If you are satisfied with the new keyword, save the buffer, C-M-x or C-x C-e or whatever command you use to evaluate the code, then go back to your project and reactivate the major mode, for example M-x lisp-mode for a Common Lisp buffer. Now you see the new font-lock rule is applied and the code is highlighted accordingly.

Buffer-Local Keywords

Lisp’s flexibility sometimes causes unfortunate accidents that two people to choose the exact same keyword for complete different purpose in their own codebases. Two different definitions means two different highlighting rules. You need buffer-local keyword rules for them.

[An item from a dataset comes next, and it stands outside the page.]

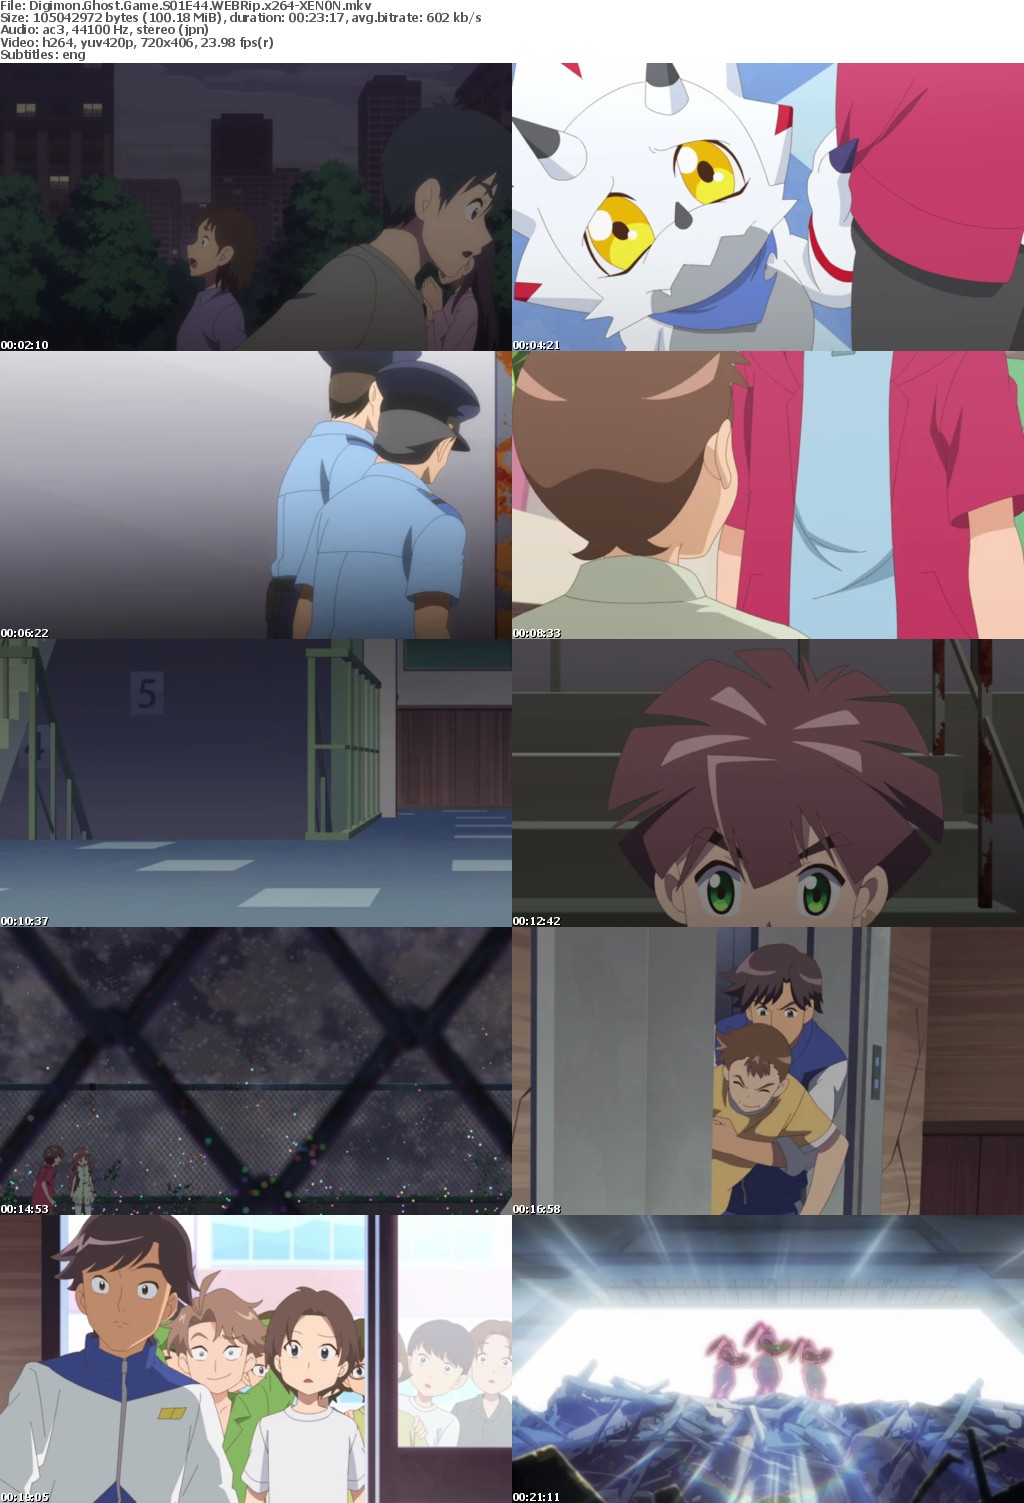 Digimon Ghost Game S01E44 WEBRip x264-XEN0N

For example, ASDF package system for Common Lisp defines defun* and use it internally. To highlight the keyword you wrap your pospcase-font-lock statement like this:

(add-hook
 'lisp-mode-hook
 (lambda ()
   (when (and (buffer-file-name)
              (equal (file-name-nondirectory (buffer-file-name)) "asdf.lisp"))
 
     (pospcase-font-lock 'lisp-mode
                         '(`(defun* ,name ,args . ,_)
                           `(defgeneric* ,name ,args . ,_))
                         '((heading-keyword . (font-lock-keyword-face))
                           (name .
                                 (font-lock-function-name-face))
                           ((args . list/1)
                            .
                            ((pospcase-font-lock-variable-face-form
                              (match-string 3)))))
                         t))))          ; buffer-local-p

Writing a predicate for detecting which codebase the file belongs is sometimes tricky and I can’t provide universal solution for the problem. So be creative and invent your own method for codebase detection if your use case is more complex than the above one.

Add-Form

All I’ve done in the previous section can be achieved without touching Emacs Lisp code, by using the command pospcase-addform. It doesn’t completely free you from code tweaking but at least it gives you fancy forms to fill.

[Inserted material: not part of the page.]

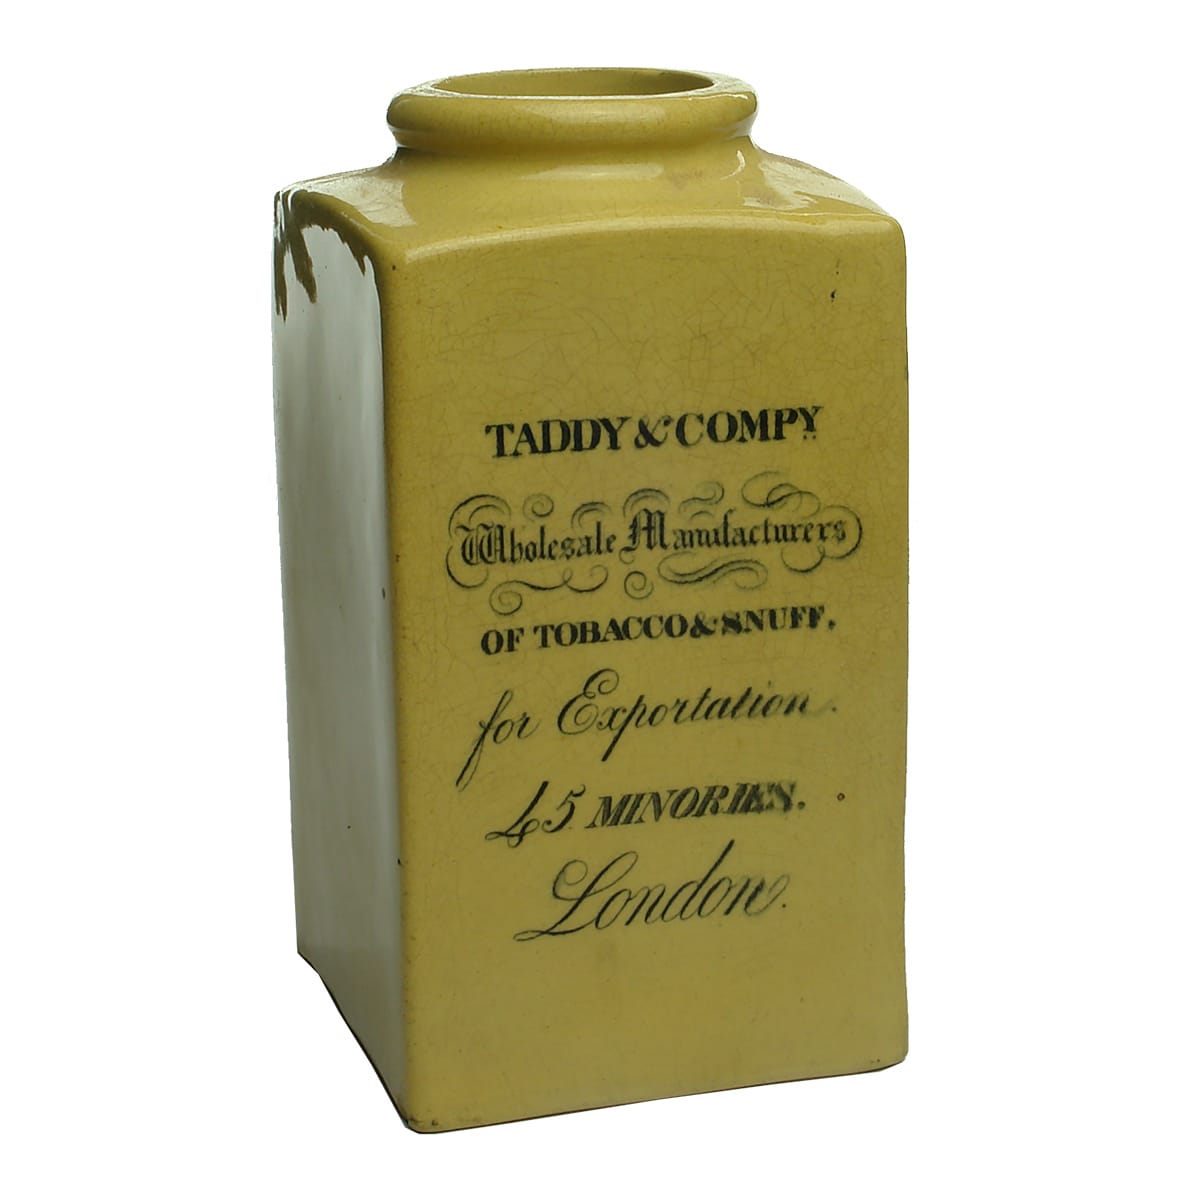 Tobacciana. Taddy & Compy Tobacco & Snuff, London. Square ceramic jar.

To use the command, run M-x load-library RET pospcase-addform or evaluate the following code:

(require 'pospcase-addform)

Then M-x pospcase-addform.

./addform-image.png

If you read the previous section surely you can guess what each entity of the forms represents. Add/delete/edit them accordingly to make your own highlighting rule.

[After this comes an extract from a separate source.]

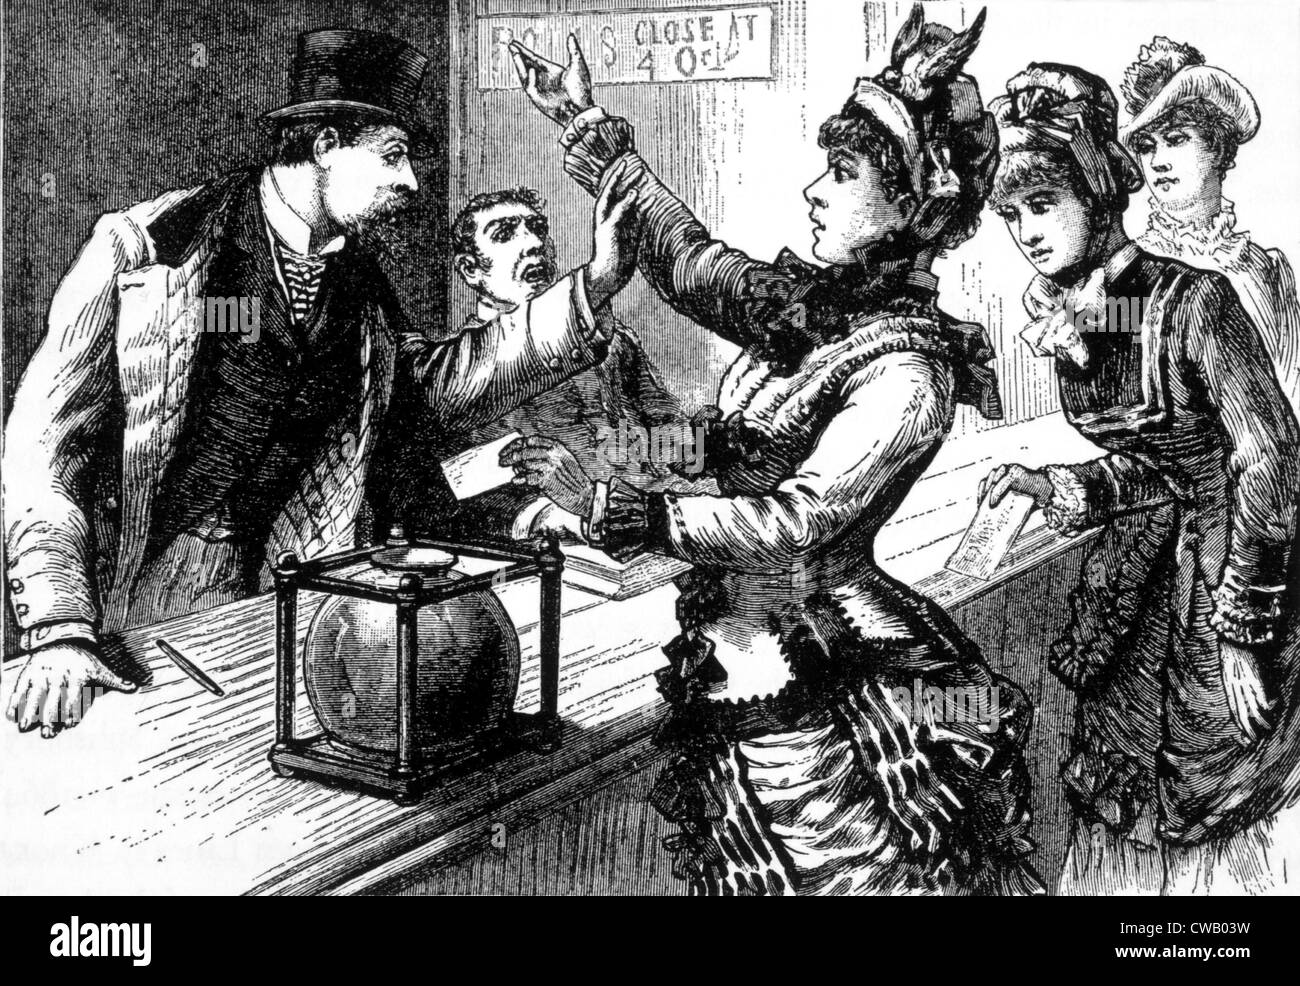 Une foule de femmes fortes font sensation à New York uptown un lieu de vote. Illustration dans la Gazette de la police), ch. 1870. Banque D'Images

Once done, click Accept button. It automatically generate identical code to what you wrote in the previous section in the user config file. If you see no problem with the code, evaluate it then reactivate the major-mode to apply the new highlighting rule.

I like writing Lisp code. Manually writing font-lock rule in my config file has never bothered me. But sometimes tabbing through and tinkering the form entries feels good. So here it is, if you like this style of editing, pospcase-addform is here for you.

A minor inconvenience is you can’t comment your code within the forms. You have to add it manually to the user config file later.

Before Writing Your Own Font-Lock Keywords

Unfortunately current pospcase-font-lock design doesn’t simply allow you to write a pcase patterns then Emacs instantly highlight the matching code section for you. There’s something you need to know before writing your own font-lock keywords.

This is largely due to my design decision to keep the implementation as straightforward as possible even at the expense of introducing a new concept and shoving it at the user’s face.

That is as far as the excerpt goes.